Hands-on Somatic Variant Analysis in Galaxy and IGV
Tutorial Overview
This tutorial will cover the basics of Somatic analysis using Galaxy; a open-source web-based platform for the analysis of biological data. You should gain an appreciation of the tasks involved in a typical NGS analysis and be comfortable with the outputs generated by a sequencing service. You will also use the Integrative Genomics Viewer (IGV) to view the aligned reads in an interactive manner.
We will use training materials provided by the Galaxy Project and sign-post to relevant sections. If you want to find more detailed tutorials on IGV or Galaxy you can follow the links below:-
Background
Where do the data in this tutorial come from?
The data for this tutorial are from a cancer patient down-sampled to genes that are present in the COSMIC dataset. We will use these data throughout the course to call variants, filter and discuss the clinical impact of any mutations.

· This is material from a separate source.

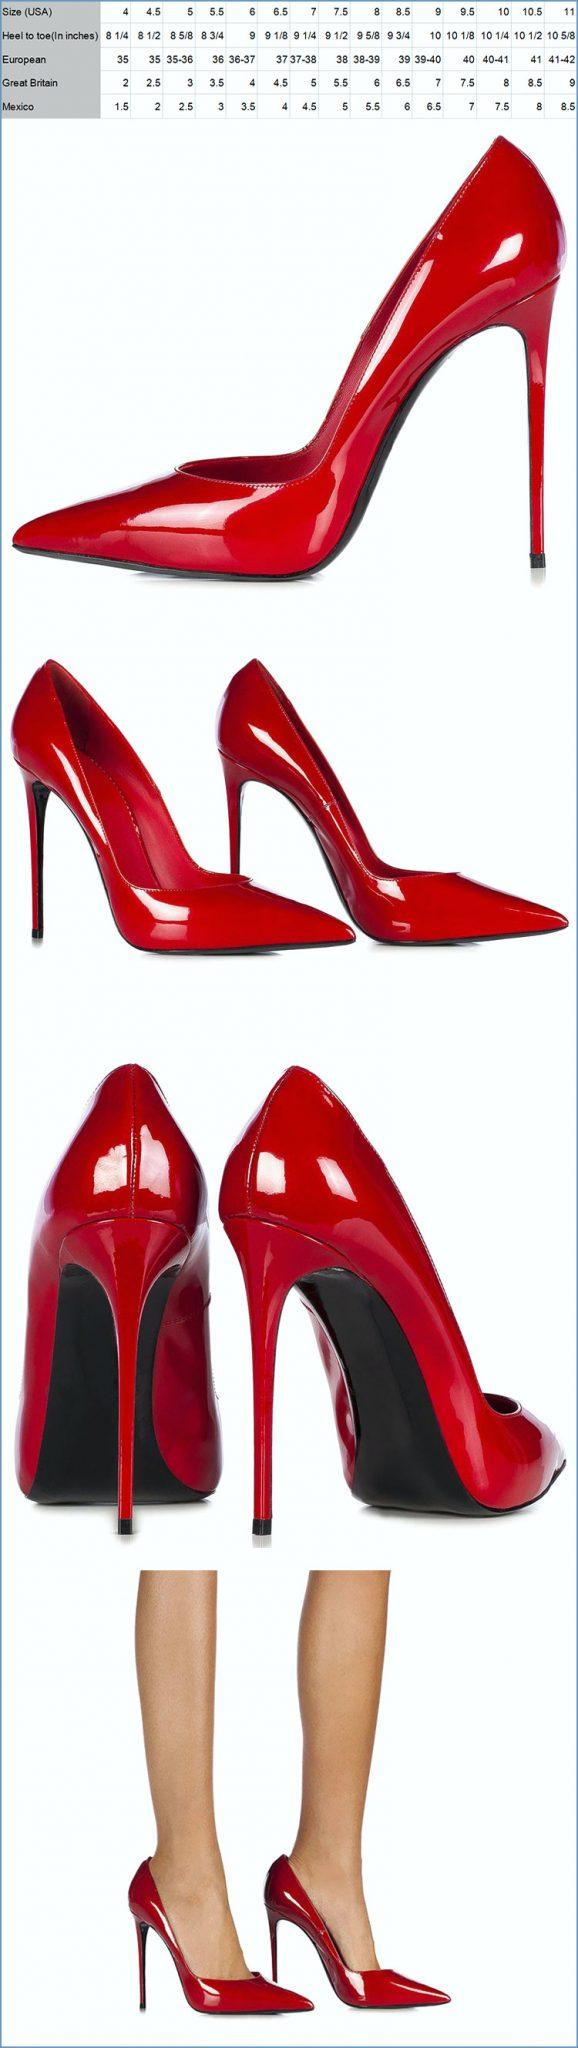 2020 popular new style 12cm red thin high heels la s shoes dari Sepatu High Heels Wanita

Preparation and Data Upload
If attending this workshop in-person you should have access to a private queue on the usegalaxy.eu server that will allow your jobs to run quicker.

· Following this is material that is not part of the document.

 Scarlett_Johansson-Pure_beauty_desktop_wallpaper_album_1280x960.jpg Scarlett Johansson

Follow this link to register an account:-
https://usegalaxy.eu/join-training/sbc-somatic-2019-05-10
Otherwise, register as a new user on one of the public Galaxy servers
Make sure you check your email to activate your account
Import the data for the workshop.
We can going to import the fastq files for this experiment. This is a standard format for storing raw sequencing reads and their associated quality scores. However, as we will see, the representation of the quality scores has changed over time.
The fastq files for this workshop have been uploaded to google drive folder
Download all the files ending in fastq.gz
and fasta.gz
in this directory to your laptop
You can import the data by:
- In the tool panel located on the left, select Get Data > Upload File.

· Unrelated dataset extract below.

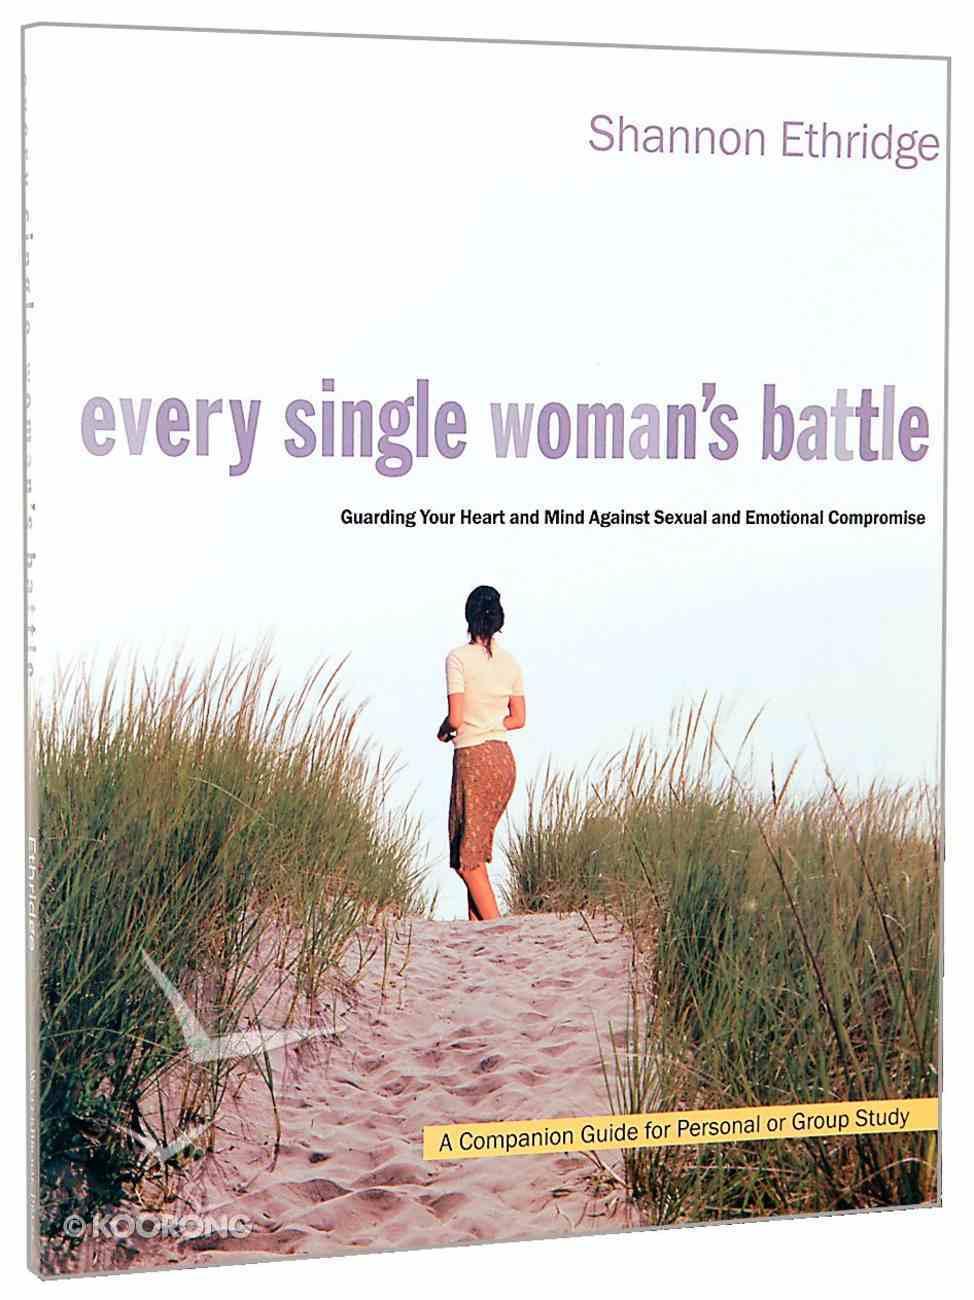 Every Single Woman's Battle Workbook Paperback

- Choose local file and browse to the directory containing the files from the google drive and select all the file. Click Open to close the file browser. The names of the files should now appear in Galaxy.
Click Start to begin the upload
You should now have these 5 files in your history:
231335_cancer_genes_r1.fastq.gz
231335_cancer_genes_r2.fastq.gz
231336_cancer_genes_r1.fastq.gz
231336_cancer_genes_r2.fastq.gz
hg19.chr5_12_17.fasta.gz
where the first two files represent the forward and reverse reads sequence data from a patient’s normal tissue, and the next two represent the data of the same patient’s tumor tissue. The final file is a cut-down reference genome for chromosomes 5, 12 and 17 only.
Section 4: Alignment
The result of the previous practical will be a .bam
file that we will describe in the next section. This file is not human-readable, as it is compresed. But we can convert to a readable format for illustration purposes.
Viewing the alignments
Click on the eye of the resulting file to view the alignments.
A single standard file format has emerged for aligned reads. Moreoever, this file format is consistent regardless of whether you have DNA-seq, RNA-seq, ChIP-seq… data.
The bam
file is a compressed, binary, version of a sam
file.
- Sequence Alignment/Map (sam)
- The output from an aligner such as
bwa
- Same format regardless of sequencing protocol (i.e. RNA-seq, ChIP-seq, DNA-seq etc)
- May contain un-mapped reads
- Potentially large size on disk; ~100s of Gb
- Can be manipulated with standard unix tools; e.g. cat, head, grep, more, less….
- Official specification can be obtained online: -
- We normally work on a compressed version called a
.bam
file. See later.
- Header lines starting with an
@
character, followed by tab-delimited lines
- Header gives information about the alignment and references sequences used
The first part of the header lists the names (SN
) of the sequences (chromosomes) used in alignment, their length (LN
) and somtimes a md5sum “digital fingerprint” of the .fasta
file used for alignment (M5
).
@HD VN:1.3 SO:coordinate
@SQ SN:chr5 LN:180915260
@SQ SN:chr12 LN:133851895
@SQ SN:chr17 LN:81195210
@RG ID:231335 SM:Normal PL:ILLUMINA
We also have a section where we can record the processing steps used to derive the file
@PG ID:bwa PN:bwa VN:0.7.17-r1188 CL:bwa mem -t 8 -v 1 -R @RG\tID:231335\tSM:Normal\tPL:ILLUMINA localref.fa /data/dnb02/galaxy_db/files/009/352/dataset_9352452.dat /data/dnb02/galaxy_db/files/009/352/dataset_9352453.dat
Next is a tab-delimited section that describes the alignment of each sequence in detail.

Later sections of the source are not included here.